**What the task requires**.
Nothing but the text belongs in the answer: the listing below, copied exactly, without pictures.

**Available data**.
==============================

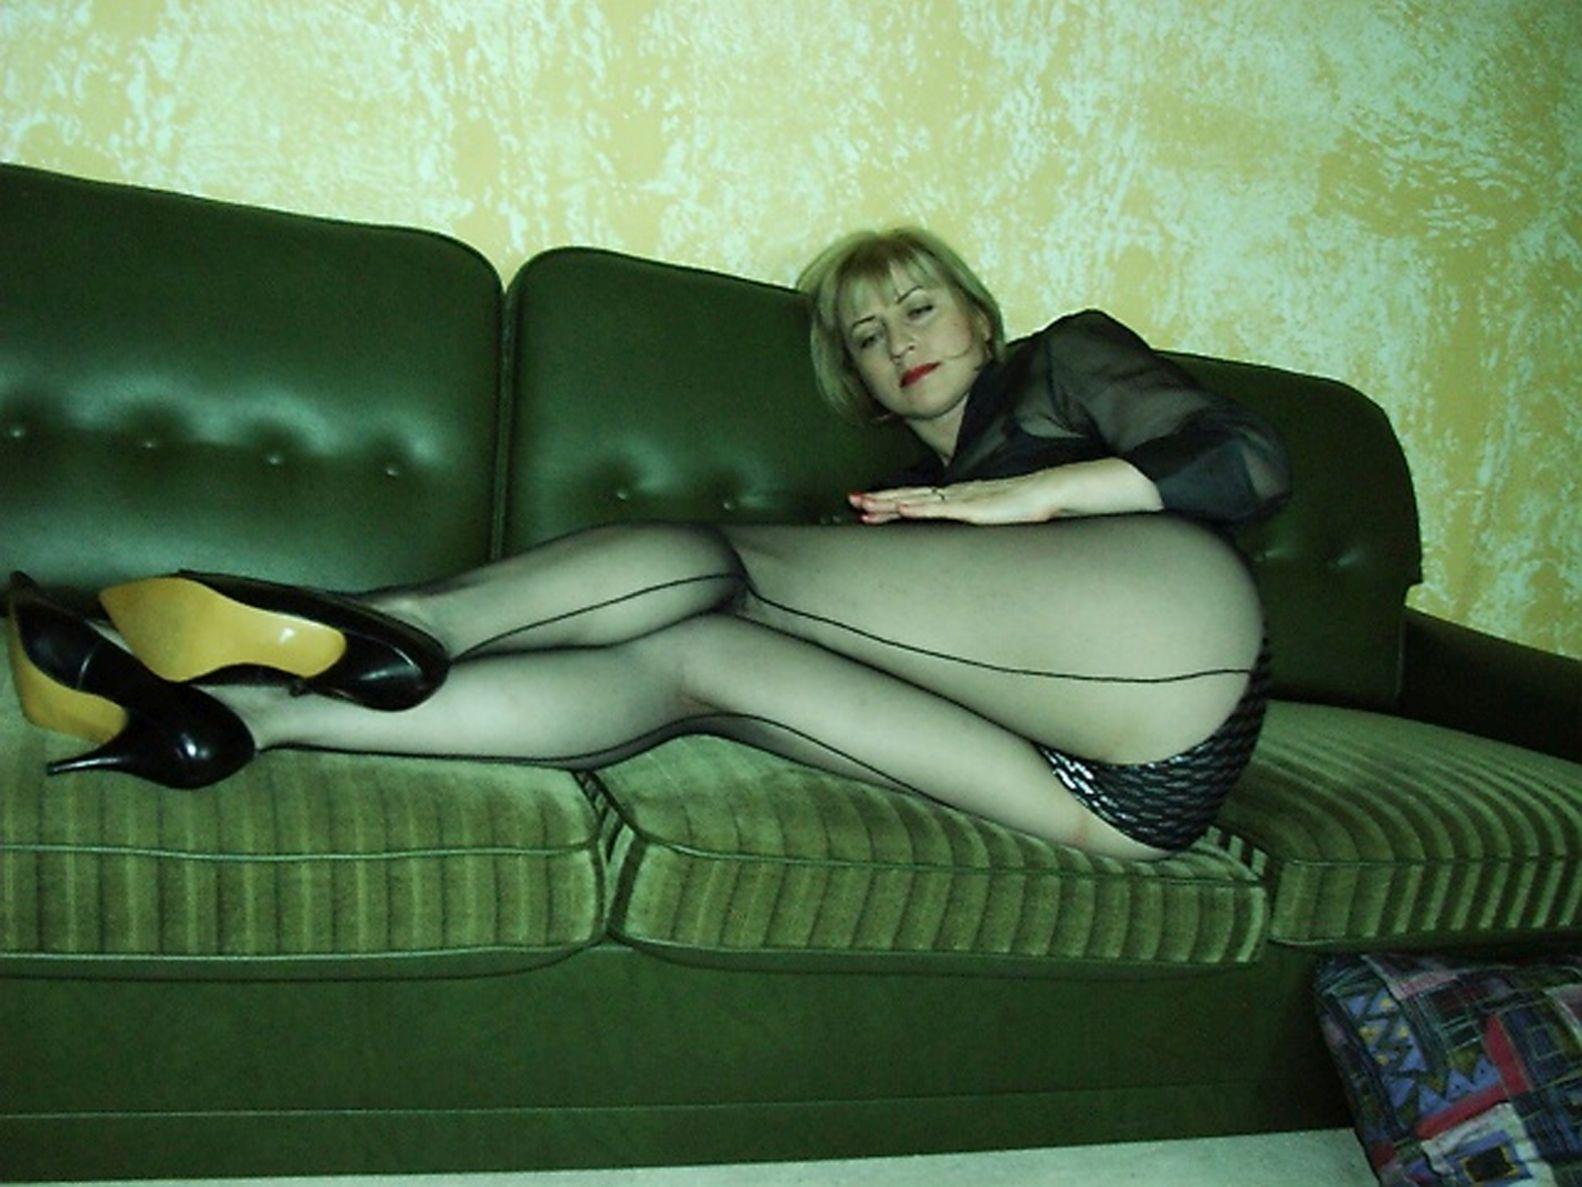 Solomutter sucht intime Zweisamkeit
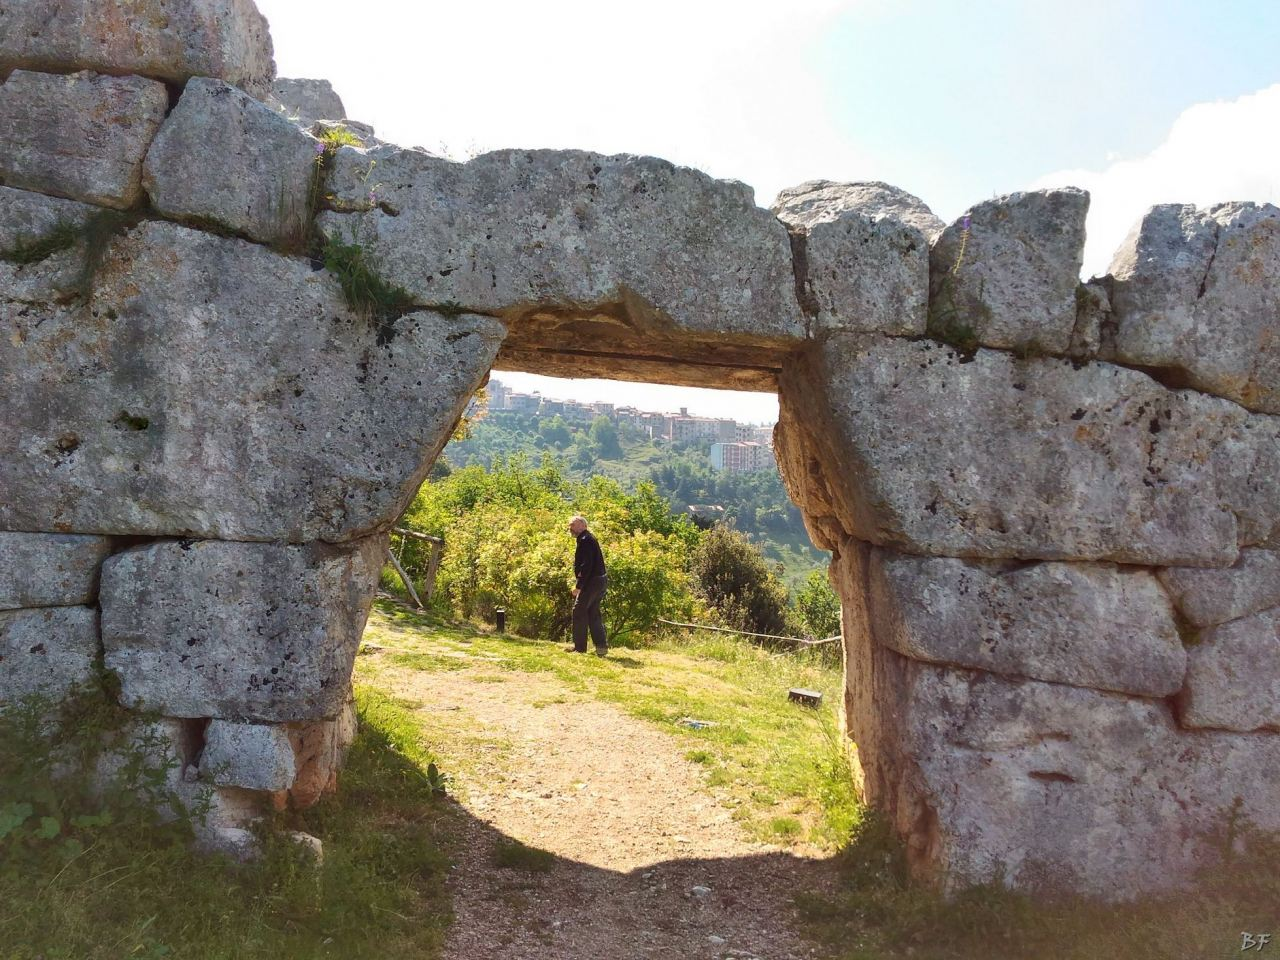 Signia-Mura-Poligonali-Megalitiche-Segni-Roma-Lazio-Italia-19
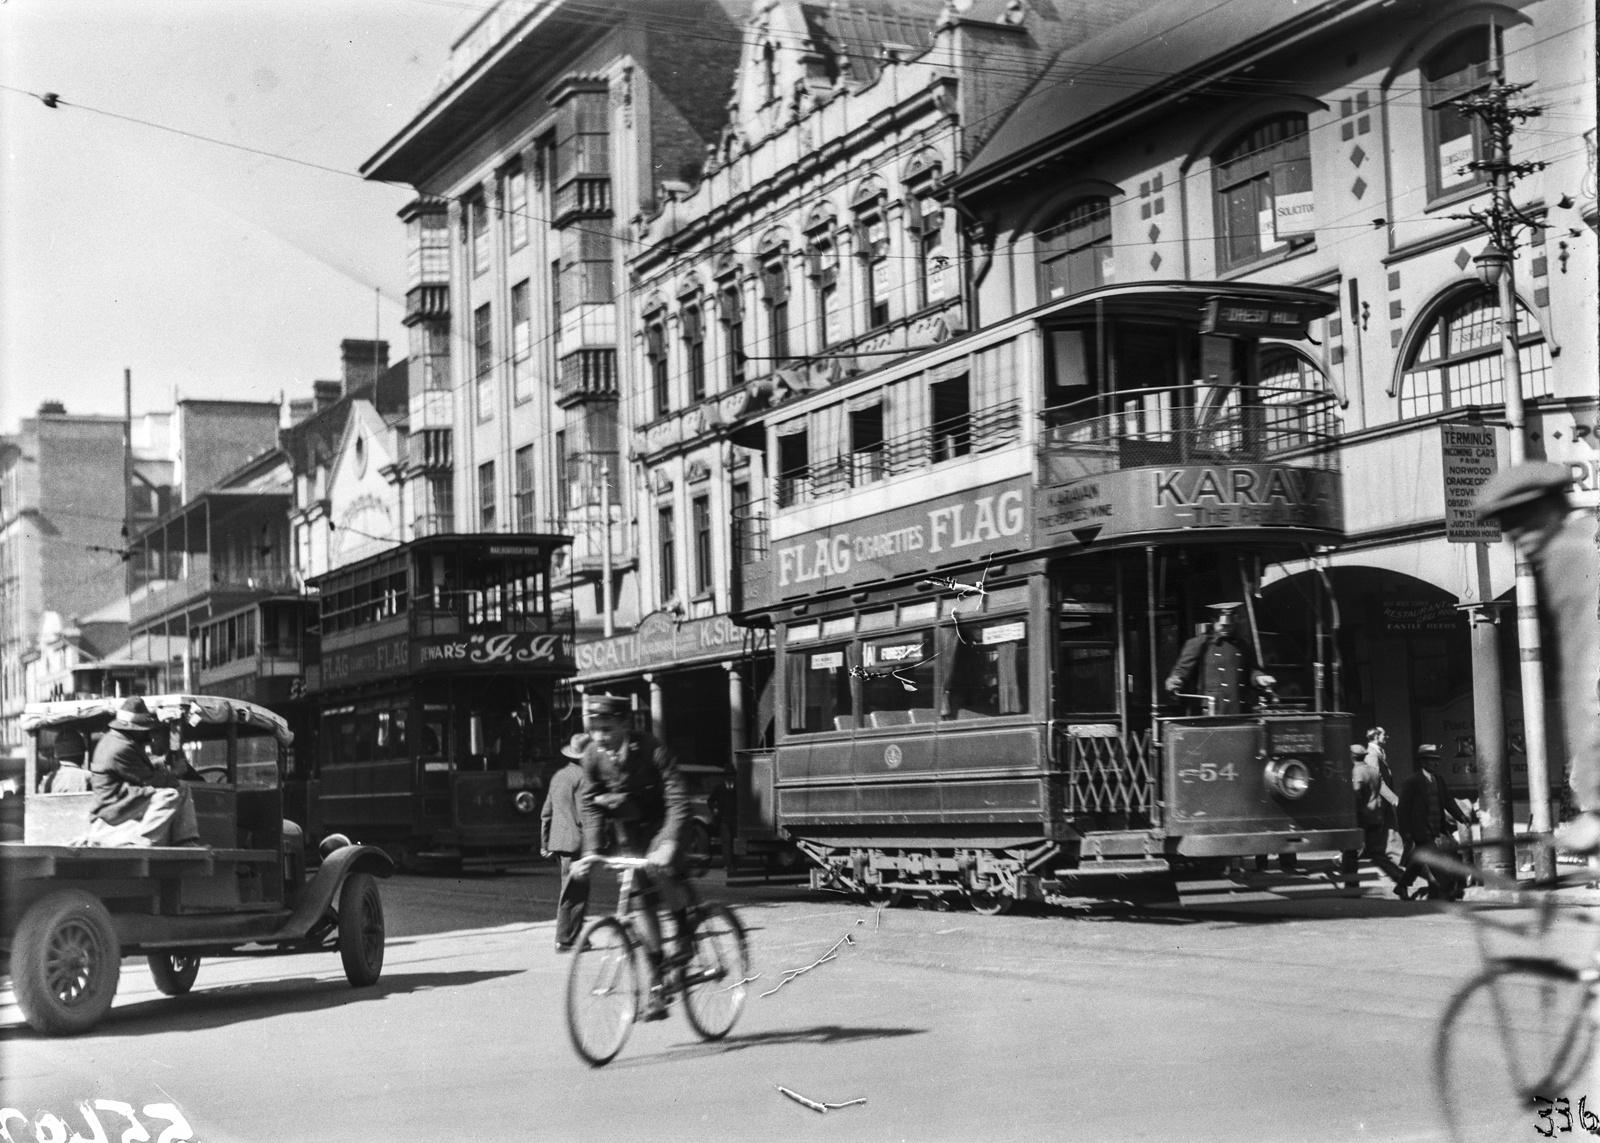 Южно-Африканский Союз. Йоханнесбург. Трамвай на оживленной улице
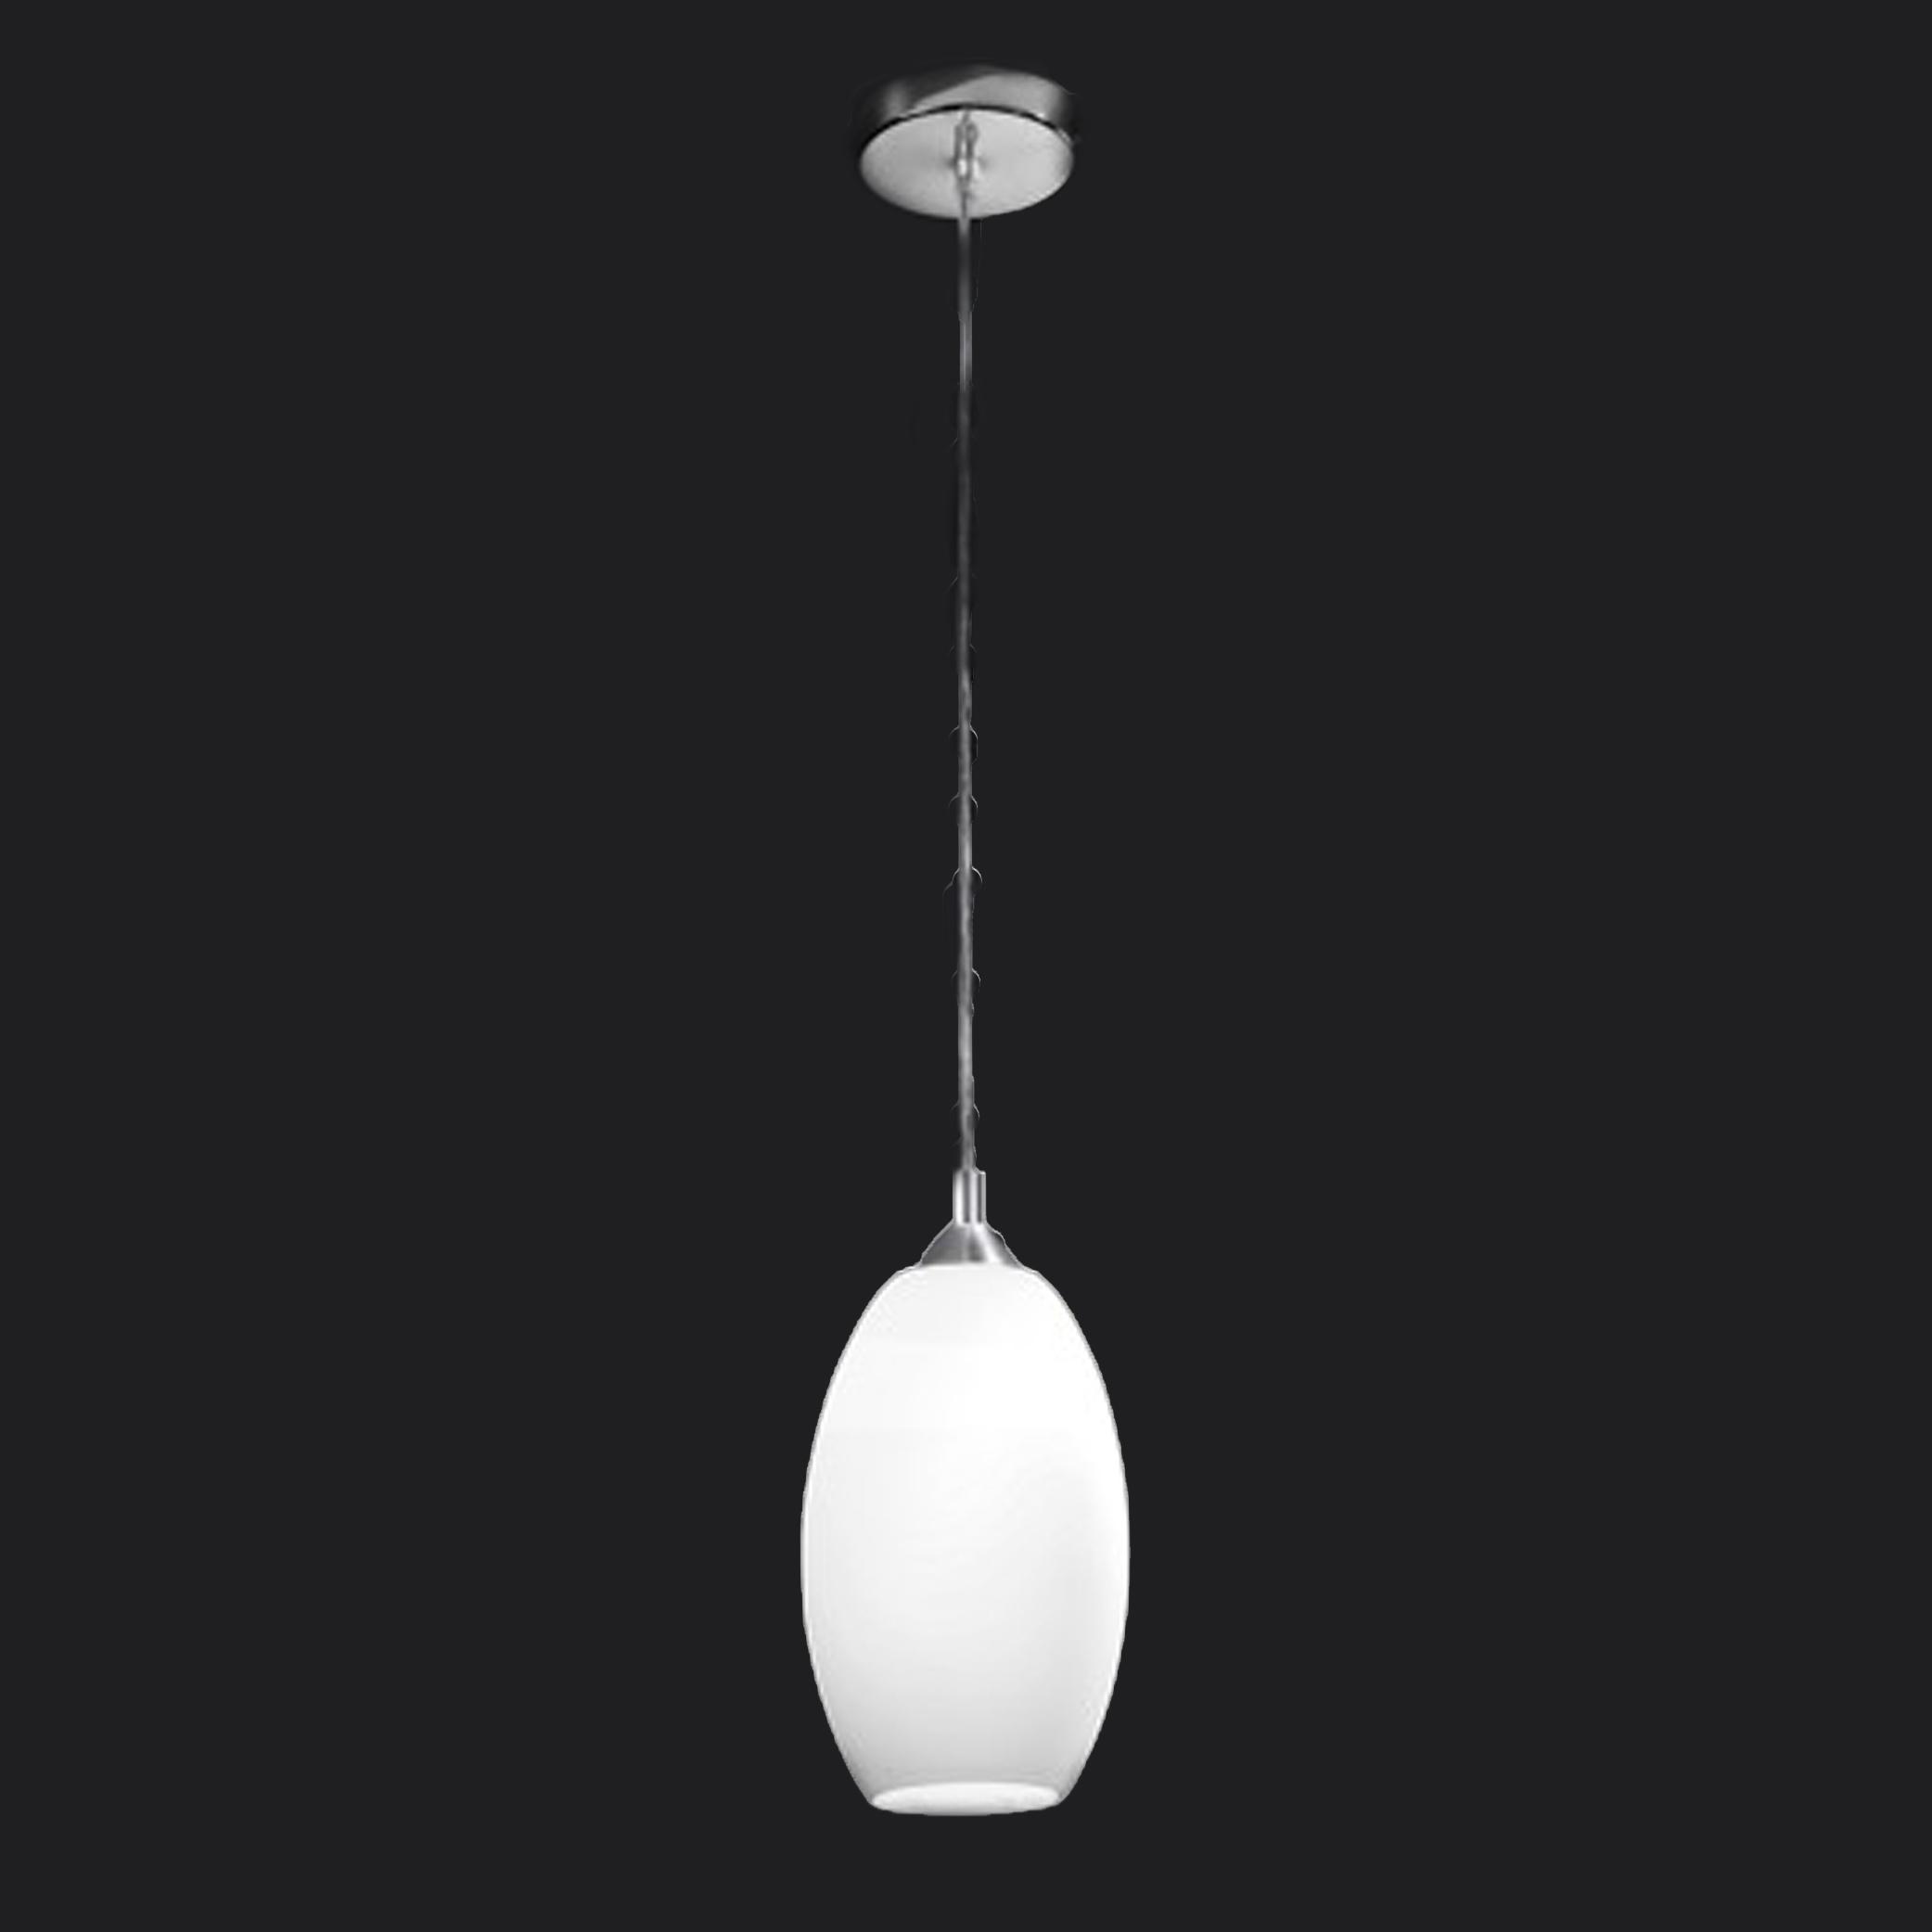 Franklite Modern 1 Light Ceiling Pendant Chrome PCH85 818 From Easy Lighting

==============================

**Solution to the exercise**.
 Solomutter sucht intime Zweisamkeit
 Signia-Mura-Poligonali-Megalitiche-Segni-Roma-Lazio-Italia-19
 Южно-Африканский Союз. Йоханнесбург. Трамвай на оживленной улице
 Franklite Modern 1 Light Ceiling Pendant Chrome PCH85 818 From Easy Lighting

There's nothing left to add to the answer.